Only for input ports that are not required and do not specify a default you still need to check for the presence of the key in the dictionary.

@classmethod
def define(cls, spec):
    super(SomeCalcJob, cls).define(spec)
    spec.input('optional', valid_type=Int, required=False, help='an optional input')

def prepare_for_submission(self, folder):
    if 'optional' in self.inputs:
        optional = self.inputs.optional
    else:
        optional = None

5. Changes to the local_copy_list

This is an example of adding a SinglefileData to the local_copy_list of the CalcInfo in 0.12:

single_file = SinglefileData()
local_copy_list = [(single_file.get_file_abs_path(), 
    os.path.join('some/relative/folder', single_file.filename)]

The get_file_abs_path method has been removed, and the structure of the local_copy_list has changed to accommodate this. You can now do:

single_file = SinglefileData()
local_copy_list = [(single_file.uuid, single_file.filename, single_file.filename)]

Each tuple in the local_copy_list should have length 3 and contain:

  1. the UUID of the node (SinglefileNode or FolderData)
  2. the relative file path within the node repository (for the SinglefileData this is given by its filename attribute)
  3. the relative path where the file should be copied in the remote folder used for the execution of the CalcJob

Naturally, this procedure also works for subclasses of SinglefileData such as UpfData, CifData etc.

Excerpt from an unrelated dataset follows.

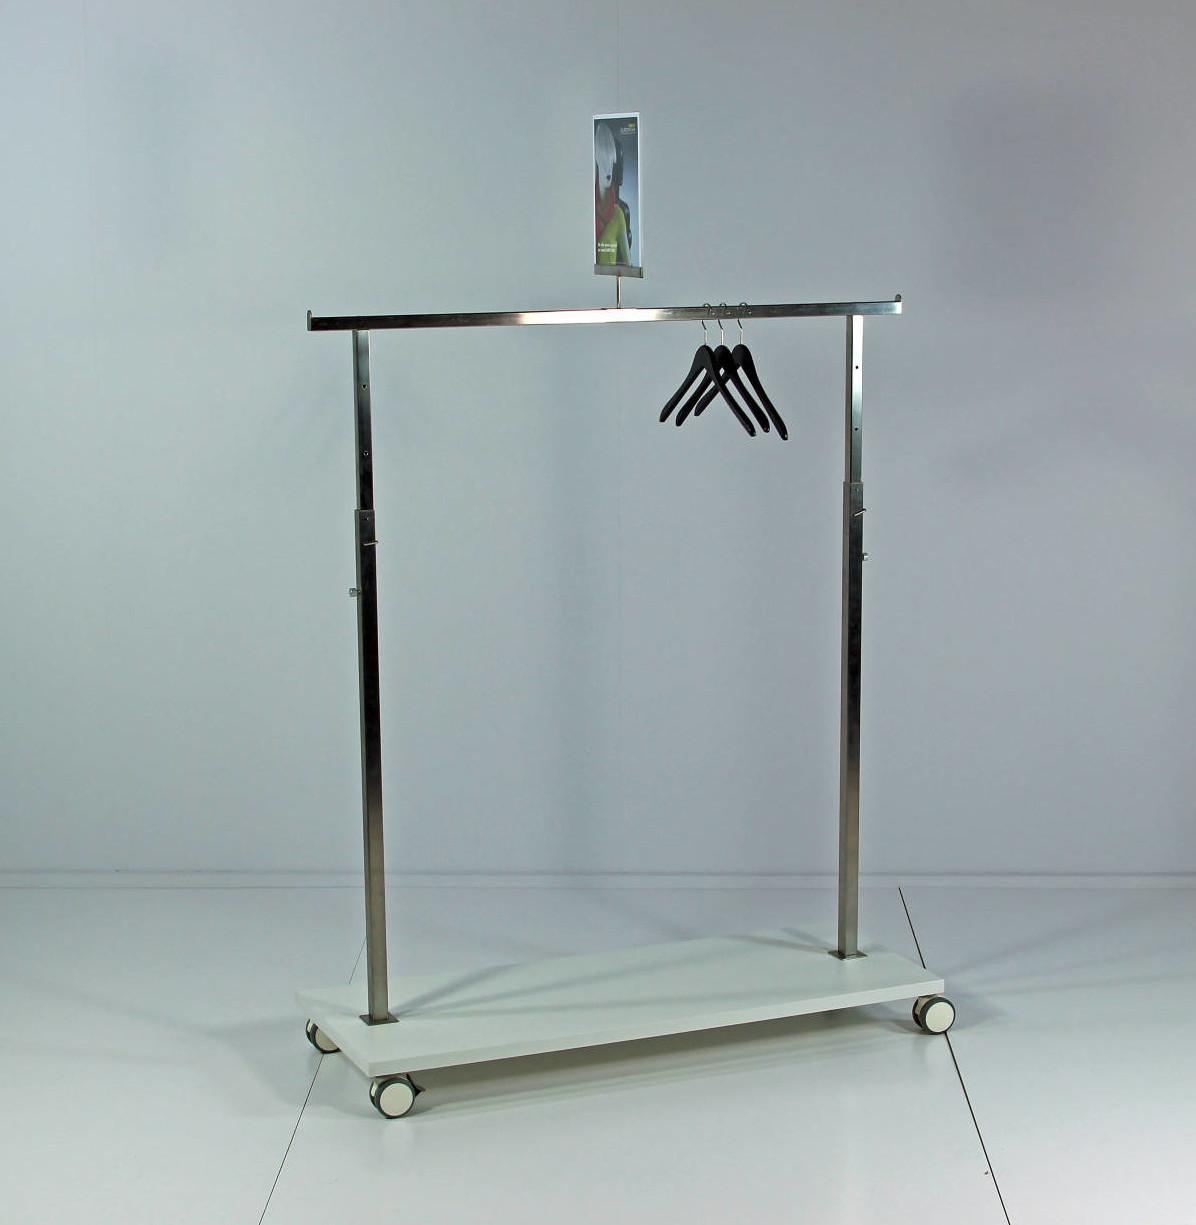 Tøjstativ som kan leveres i alle NCS farver og der kan tilkøbes dobbelte fronthæng, så stativet præsentere varerne endnu bedre.

Note: If you are creating an input file inside the Calculation and don't want to go through a node, you can simply use the folder argument of prepare_for_submission:

import io
with io.StringIO("my string") as handle:
    folder.create_file_from_filelike(handle, filename='input.txt', mode='w')

6. Replacing the deprecated retrieve_singlefile_list

The retrieve_singlefile_list has been deprecated. The reason for its existence was to fix an intrinsic inefficiency with the retrieve_list. Imagine a code that produces an output file that you want to retrieve, but you do not want to parse and store a derivation of the content as a node, but rather you just want to store the file as a SinglefileData node as a whole. Any file that gets retrieved through the retrieve_list is also stored in the repo of the calculation node. When you then create a SinglefileData node out of those, you are again storing the content of the file, effectively duplicating the content. If this is done often, the repository bloats unnecessarily.

The retrieve_singlefile_list was the solution, where the specified files would not be stored in the retrieved folder but the engine would automatically turn them into SinglefileData nodes and attach them as outputs.

This behavior can be reproduced with the more general retrieve_temporary_list. Just like files in the retrieve_singlefile_list, they will be retrieved, but not permanently stored in the retrieved folder. The files will be stored in a temporary folder and passed to the Parser.parse method as the retrieved_temporary_folder argument. Here you will find the files from the retrieve_temporary_list. You can now do whatever you want with these. Parse their content and store them in whatever node types you want. For the SinglefileData it would look something like:

def parse(self, **kwargs):
    from aiida.orm import SinglefileData

    temporary_folder = kwargs['retrieved_temporary_folder']

    with temporary_folder.open('some_output_file.txt', 'rb') as handle:
        node = orm.SinglefileData(file=handle)
        self.out('output_file', node)

7. Restarting from a previous calculation

There are two ways of restarting from a previous calculation

  1. Make a symlink to the folder with the previous calculation.
  2. Copy the folder from the previous calculation.

The advantage of approach 1 is that symlinking is fast and it does not occupy additional disk space. The disadvantage is that it won't work if the parent calculation was run on a different machine, and you shouldn't use it if your new calculation can modify data in the symlinked folder.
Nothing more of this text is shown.